This guest post is written by Elizabeth Humphrys, who has recently completed her Masters Thesis. Her day job is investigating student complaints and misconduct at a public university. Here Elizabeth shares her thoughts on the feelings she experienced just before submitting.

I submitted my Masters thesis in October 2010. I recently received the examiners’ reports and was passed without any changes. It took just shy of four years part time, with a year of leave for good behaviour in the middle, to submit. All the hallmarks of graduate research were there: elation, tears, exhaustion, procrastination, productive work, annoyance and deep, deep enjoyment.

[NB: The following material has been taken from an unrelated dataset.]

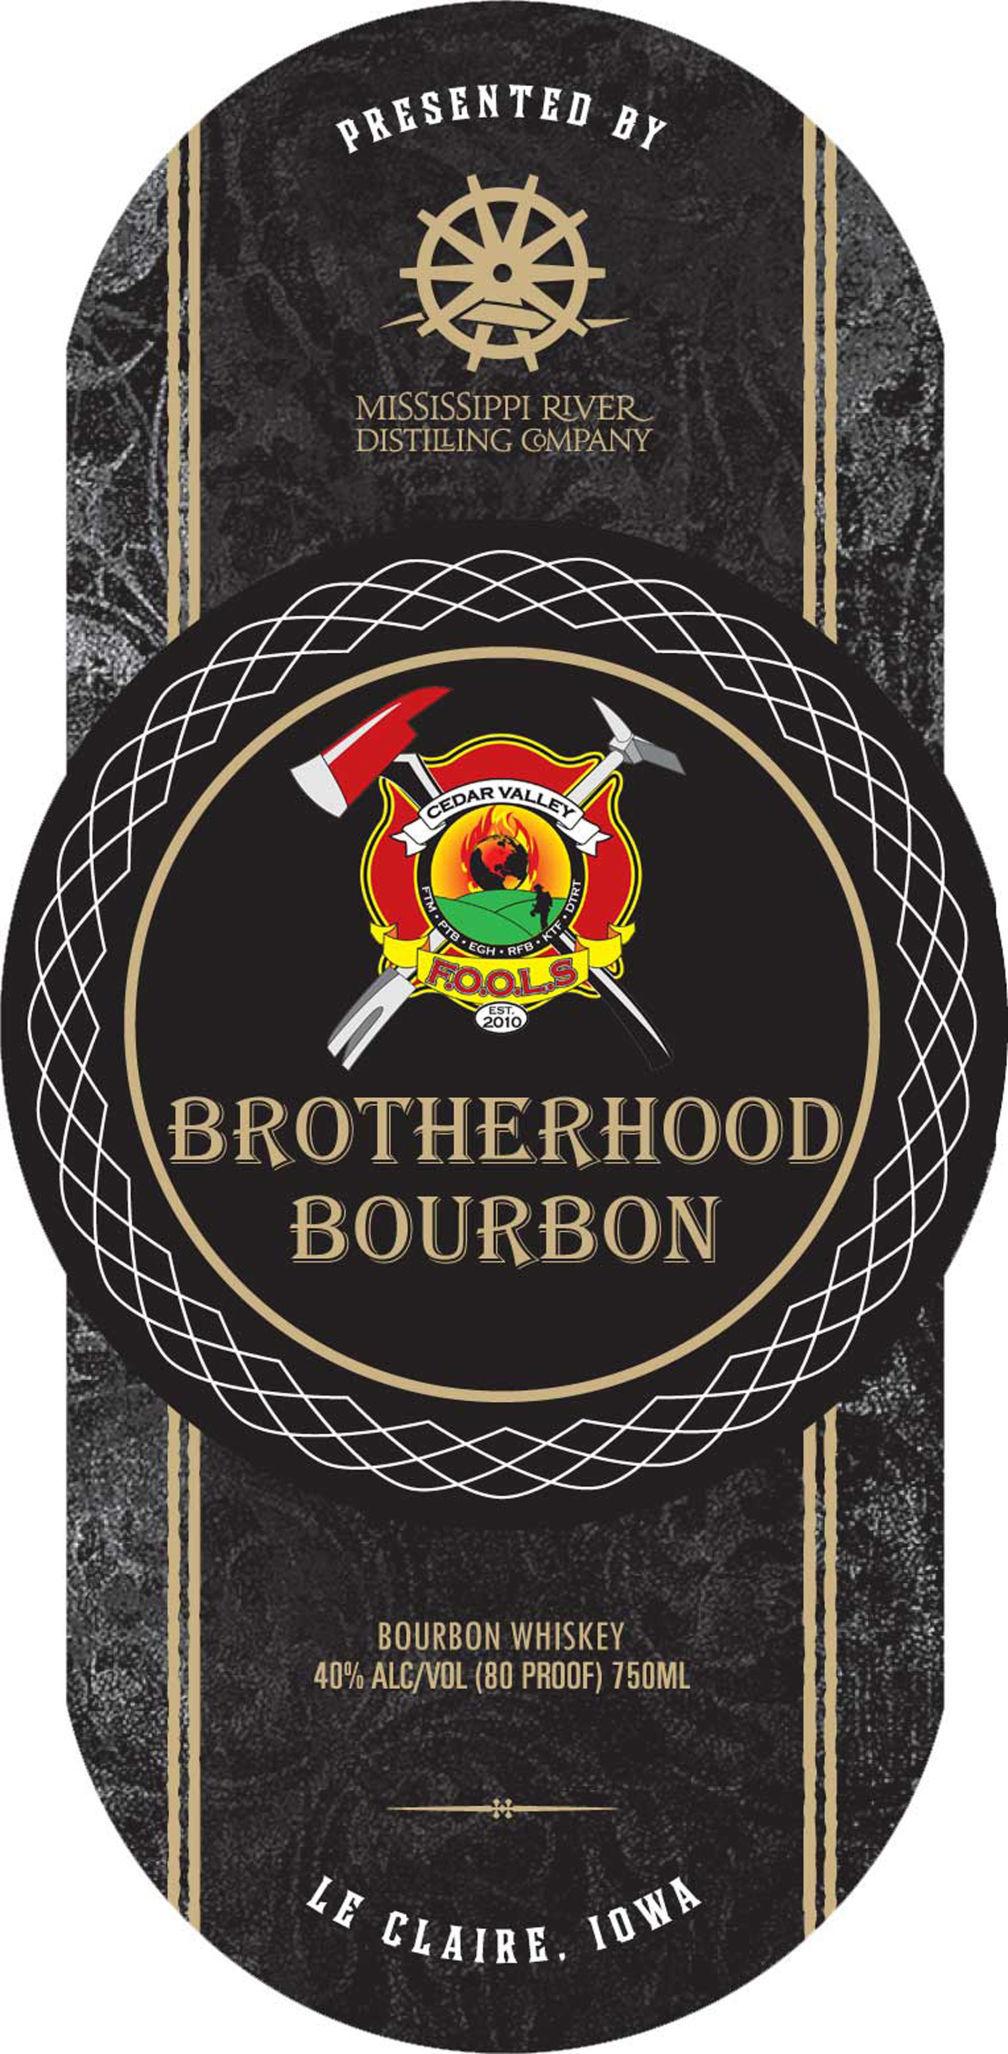 brotherhood-bourbon-label

In retrospect, none of these emotions or experiences was a surprise.  What was unexpected was the distinct lack of perspective about the ‘quality’ of my work I felt just before I submitted. I knew it would not fail outright, but beyond that I had little sense of what the examiners would think. No matter how many times I read “It’s a PhD, not a Nobel Prize” I just couldn’t calm those thoughts that the thesis could be better, or more insightful and fretted about the result. I was concerned there was some glaring problem; some catastrophic oversight or drawback that would result in ‘disaster’, or some comment or view that the examiners would think was idiotic. Finally I worried that my insights into the topic would be seen as overreaching or, conversely, just plain ‘obvious’.

I kept looking to others for confirmation these ‘disastrous’ things were not going to happen, but no one provided the reassurance I craved. My supervisor gave me comments of course, and we discussed the chapters. We argued about key points, and, on those occasions where we remained in disagreement, I was confident that my position was defensible. Yet when my supervisor said, about a week before I submitted, that he thought I would be ‘surprised by the feedback of the examiners’ I went into a small panic. What does that mean!?

My partner, who read the thesis, told me he thought it was fantastic and I had nothing to worry about. But partners are meant to say this, aren’t they?! My partner promised he would hold my hand through any possible narcissistic injury that might occur as I read the examiner’s comments. Given my partner is a psychiatrist, I knew this was part truth and part joke. But I also knew he was saying something true: things do not need to be perfect, no one is, and examiners understand this. The reports would give critical feedback which is an essential part of the process of writing in public.

But to return to the motivation for this post…why did I have so little perspective on my own work? While I can’t say I was shocked to get a good result, I believe that had the result come back as minor or major revisions I would also have accepted these as reasonable views. How could I be so uncertain about my own work?

At a personal level it the lack of perspective was connected to my being a natural ‘worrier’.  No matter how much work I did during the thesis I constantly felt guilty if I sat at a café drinking coffee and not reading a journal article. Every weekend activity (as I have a ‘real job’ during the week) was laden with guilt about not working or not working efficiently enough.

The second reason was the difficulty of getting critical distance from the thesis as a whole, no matter how hard I tried. I set chapters aside for periods and went back to them. I had six months leave on two separate occasions where I did little work on the thesis. Each time I did this I managed to gain some distance and map out a new path. But, unlike other large writing projects I have done, these breaks, although they helped me find critical distance on each ‘section’ did not help me see how the sections were creating an overall narrative. I found it difficult to assess whether the question tested in the thesis was, at points, even being answered.

The last reason only became clear to me in the last few days. I think I subconsciously believed that there was some sort of sleight-of-hand, or magic, involved in producing a thesis. I didn’t really believe my key insights were the result of the process of research, analysing data or thinking; they felt more like  luck or chance (although if someone had articulated this to me while writing I would have fervently disagreed). As a result I felt there was something missing. Why did I believe this? Perhaps because insights came slowly and were given due consideration, there was no ‘light bulb moment’ where I ran from my desk to the street to exclaim ‘eureka’ (!).

The perspective I seem to have gained, only in finishing, is that completing the thesis is not magic although it is equally as wonderful. While we would all love to think that glowing examiners’ reports mean we are geniuses, but they are more likely to reflect that a thesis is the product of diligent, hard work; the result of exercising all your practical and intellectual abilities. The achievement is breathtaking, but very much the result of the ordinary process of research. I do wish I had realised this earlier. So my message is: you don’t need to have magic red shoes or follow the yellow brick road; diligent work will win the day.